3. The claimant has the following severe impairment[s]: degenerative disc disease with radiculopathy, obesity, gout (20 CFR 404.1520(c)).
4. The claimant does not have an impairment or combination of impairments that meets or medically equals the severity of one of the listed impairments in 20 CFR Part 404, Subpart P, Appendix 1 (20 CFR 404.1520(d), 404.1525 and 404.1526).
5. After careful consideration of the entire record, the undersigned finds that the claimant has the residual functional capacity to perform light work as defined in 20 CFR 404.1567(b) except that the claimant must avoid hazards; that the claimant cannot balance; that the claimant cannot frequently bend or stoop; and that the claimant has no severe mental limitations.
6. The claimant is unable to perform any past relevant work (20 CFR 404.1565).

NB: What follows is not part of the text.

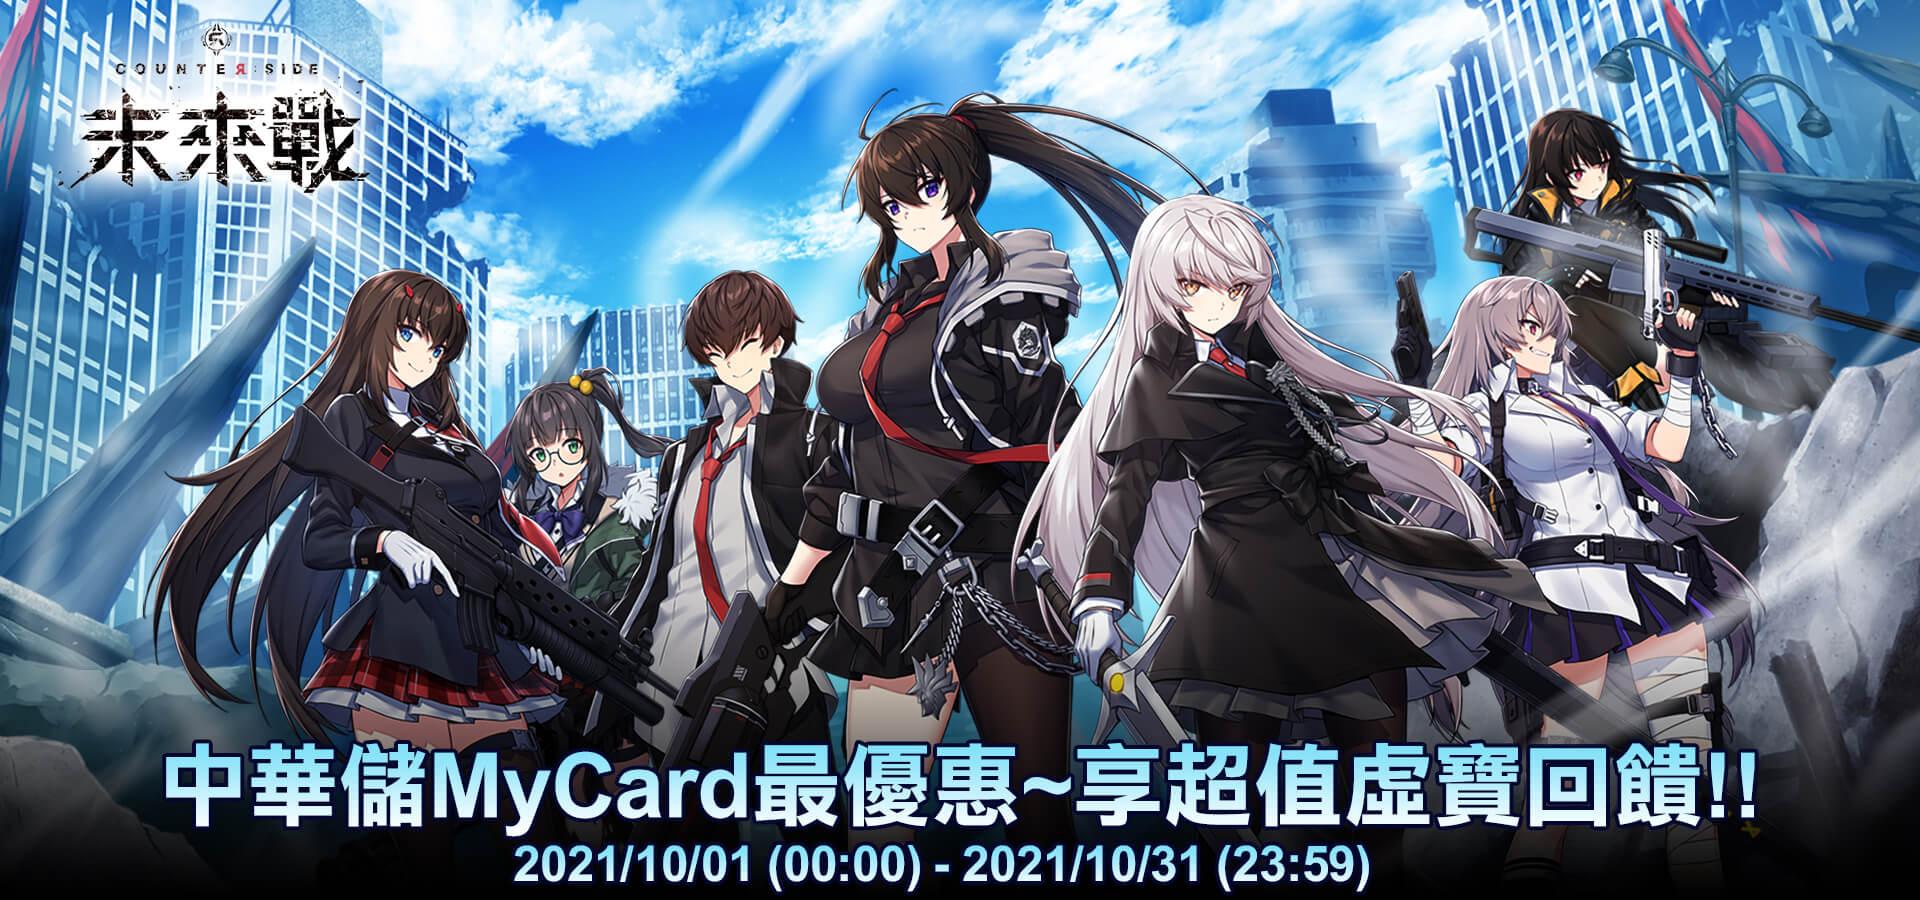 《未來戰》MyCard儲值享超值好禮回饋   中華電信

7. The claimant was born on January 16, 1975 and was 34 years old, which is defined as a younger individual 18-49, on the alleged disability onset date (20 CFR 404.1563).
8. The claimant has at least a high school education and is able to communicate in English (20 CFR 404.1564).
9. Transferability of job skills is not material to the determination of disability because using the Medical Vocational Rules as a framework supports a finding that the claimant is "not disabled," whether or not the claimant has transferable job skills (See SSR 82-41 and 20 CFR Part 404, Subpart P, Appendix 2).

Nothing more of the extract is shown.